In 1705, 18 years before Palitzsch was born, Edmund Halley – already a prolific scientist with decades of experience – lent his considerable intellect to the long-standing problem of comets, with the benefit of a deep understanding of gravitation. Two decades earlier Halley had edited the work of Isaac Newton, who had himself addressed the apparently strange behaviour of comets, demonstrating that his theory could adequately explain their motion. Halley undertook a systematic study of past sightings, and as a result presented to the world that most scientific of things – a prediction. He realised that four recorded apparitions in 1456, 1531, 1607 and 1682 could have been the result of one object in a periodic, highly elliptical orbit around the Sun. If he was right, his computed orbit suggested that the comet would return again in 1758.
Halley went on to make broad contributions to science, many of which are celebrated today at the Royal Observatory in Greenwich, where he would take up residence as Astronomer Royal in 1720. Arguably however, it is the comet named posthumously after him that has had the greatest cultural impact among all of his works. In 1835, comet Halley (now formally 1P/Halley) returned again. Mark Twain, born that year, would later predict (correctly) his own death when it next appeared in 1910.
In 1986, technology and tenacity drove the European Space Agency (ESA) to rendezvous with Halley’s comet, guiding the Giotto probe 370 miles (600km) from its nucleus in an unprecedented feat of observation. This resulted in a considerable expansion of our understanding of its composition and evolution. It also laid the foundations for ESA to once again break new ground – literally – by touching down on the surface of 67P/Churyumov–Gerasimenko in November 2014. We can only imagine what Halley would have made of such progress.
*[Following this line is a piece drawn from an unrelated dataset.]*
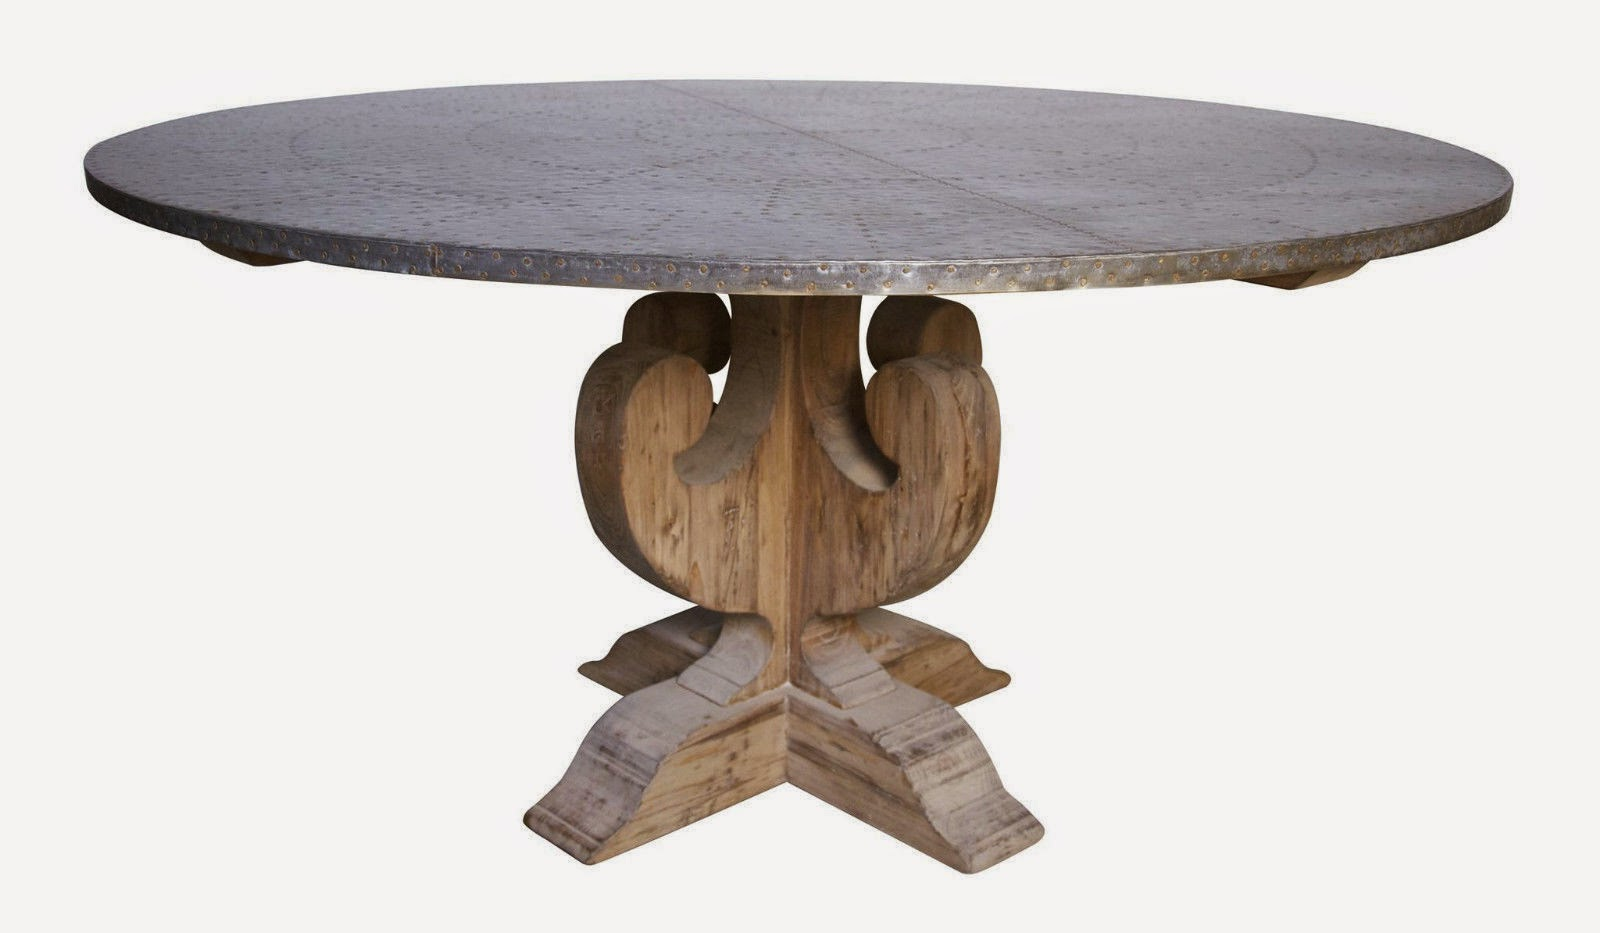 60 Round Dining Table Pine Wood Zinc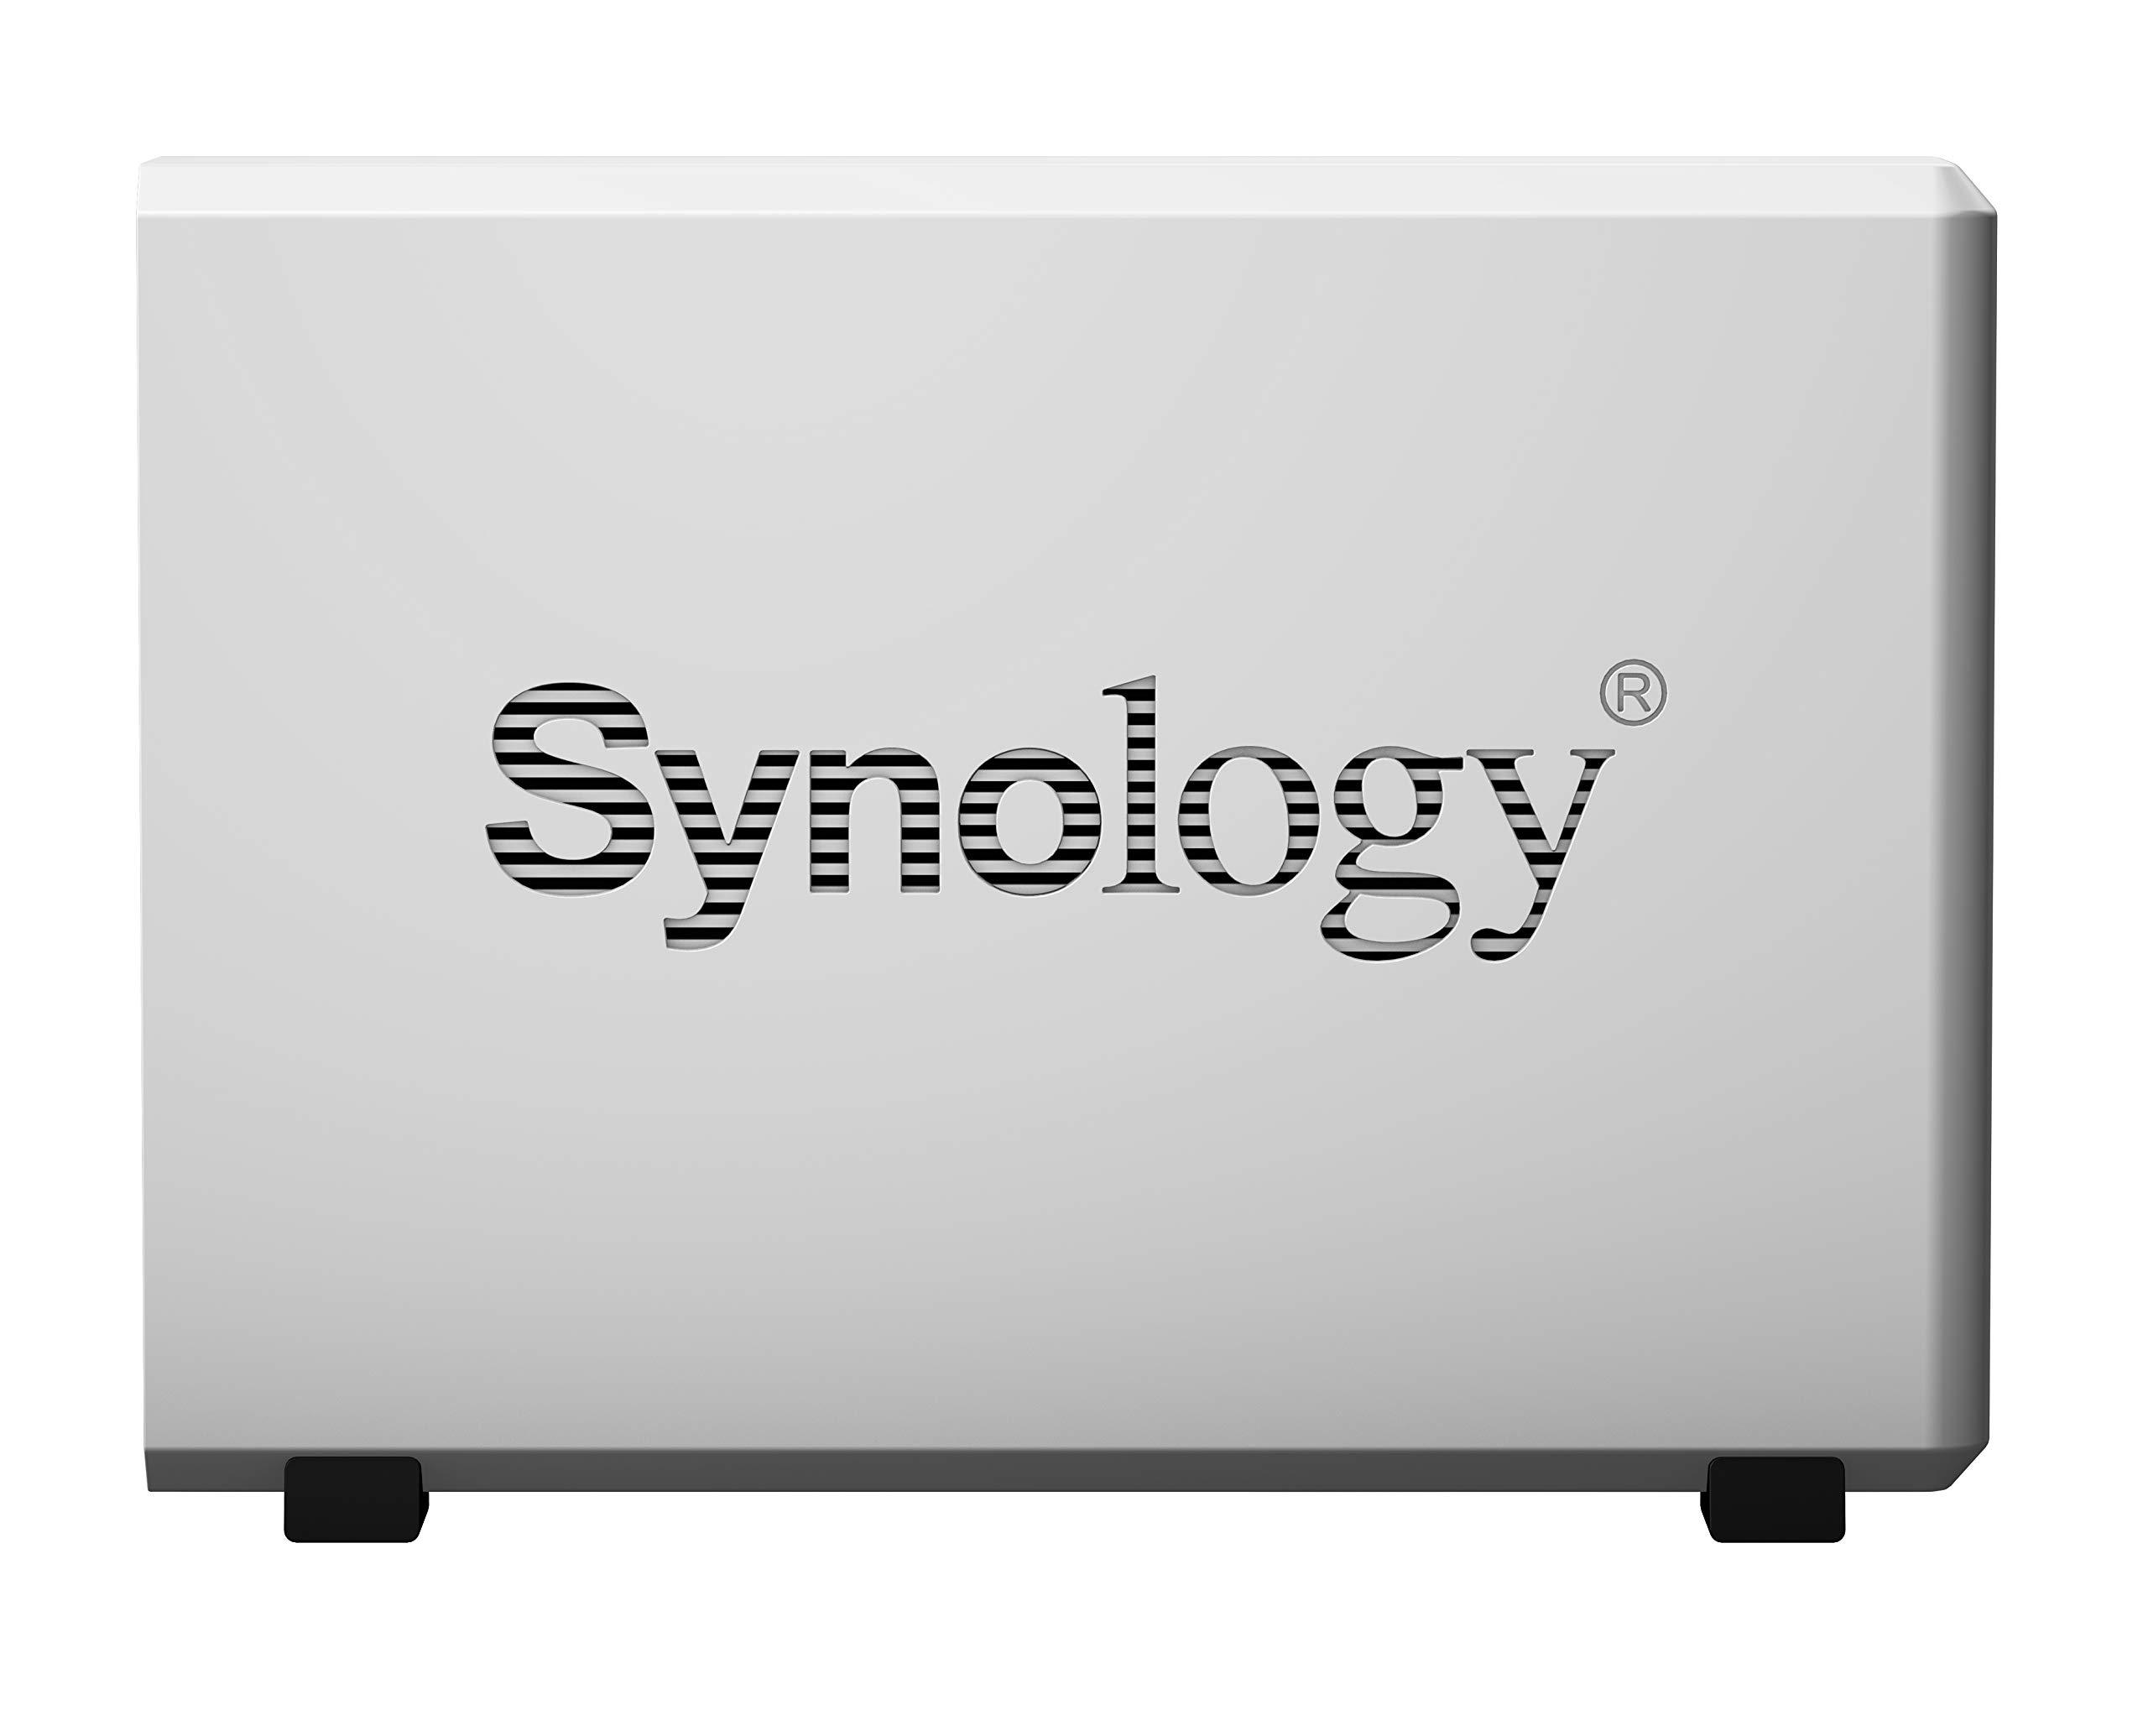 Synology 1 Bay NAS DiskStation (DS119j), 1-Bay; 256MB DDR3L by Synology (Image #3)

Though 1P/Halley won’t return to the inner solar system for over 40 years, the first known periodic comet still delights stargazers every October with the coming of the annual Orionids meteor shower, as we coast through a cloud of ancient icy fragments, originating from the comet’s volatile surface. Entering the Earth’s upper atmosphere at hypersonic velocities, they’re vaporised in a celestial fireworks display. Despite being a consequence of such a famous comet, the Orionids is a modest display, with an expected 15-20 meteors per hour, radiating from the east after midnight on the 21st and 22nd. Nevertheless, they are known for their speed and brilliance, and remind us that Halley will revisit us in the second half of this century. How much more will we know by then?